Une application de l’article 1503 du Code judiciaire permet à la Cour de cassation de rappeler ce principe (Cass. 24 juin 2005, rôle n° C030446N, www.cass.be).

Un créancier avait pratiqué saisie mobilière conservatoire non pas au siège de la société débitrice mais chez une autre société.

Il existait manifestement une confusion entretenue par ces deux sociétés, voire une véritable confusion de leurs patrimoines.

Ajoutons des liens de famille entre gérants et un siège commun à l’origine, et la coupe est pleine pour suspecter collusion.

L’huissier n’avait donc pas hésité à saisir chez la société « tierce », et donc à un autre endroit que celui du siège (officiel) de la débitrice.

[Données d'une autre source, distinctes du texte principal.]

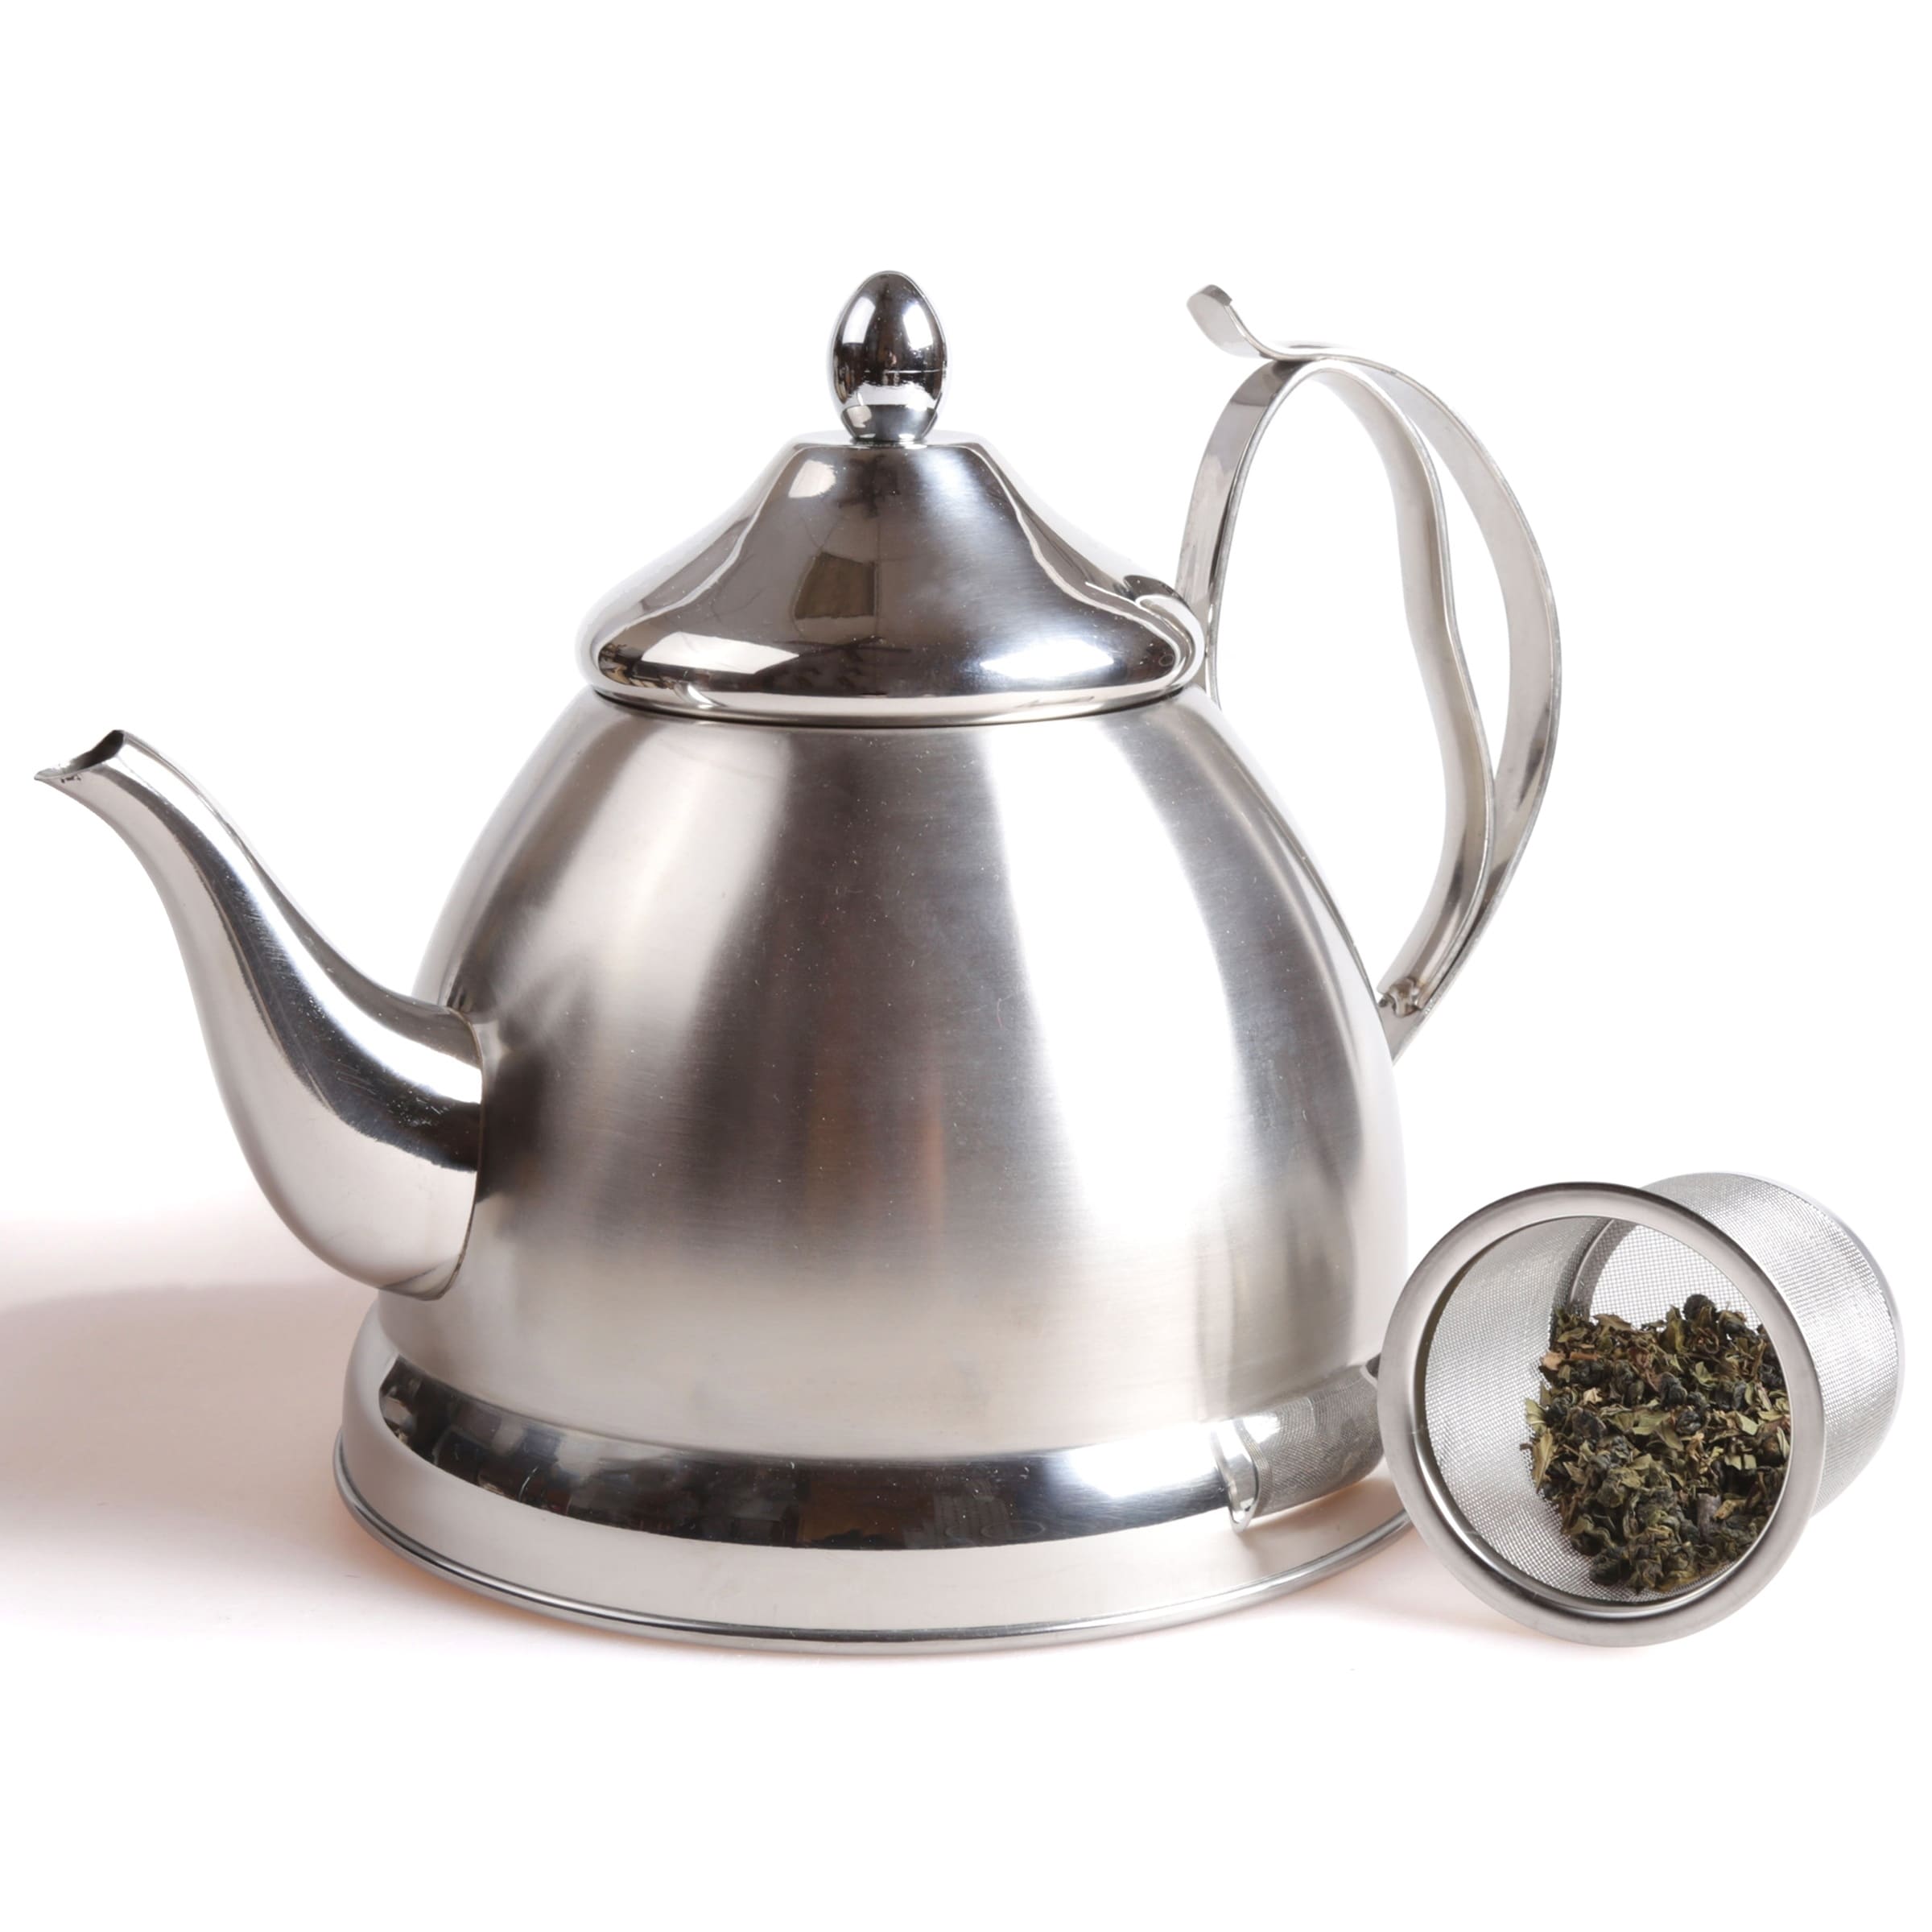 https://ak1.ostkcdn.com/images/products/10669204/Creative-Home-Nobili-Tea-2.0-Qt.-Stainless-Steel-Tea-Kettle-Tea-Pot-with-Infuser-Basket-6e816d45-3969-4588-8709-953ca683092a.jpg

La société tierce poursuivit alors la nullité de cette saisie effectuée chez elle sans l’autorisation préalable du juge de saisies comme le veut l’article 1503 du Code judiciaire.

La Cour d’appel d’Anvers confirma le jugement du juge des saisies d’Anvers qui avait rejeté cette action en nullité de la saisie mobilière.

La Cour d’appel s’est référée à la motivation du premier juge, qu’elle qualifie de oordeelkundige (judicieuse).

La régularité de la saisie était contestée sur base de l’article 1503 du Code judiciaire.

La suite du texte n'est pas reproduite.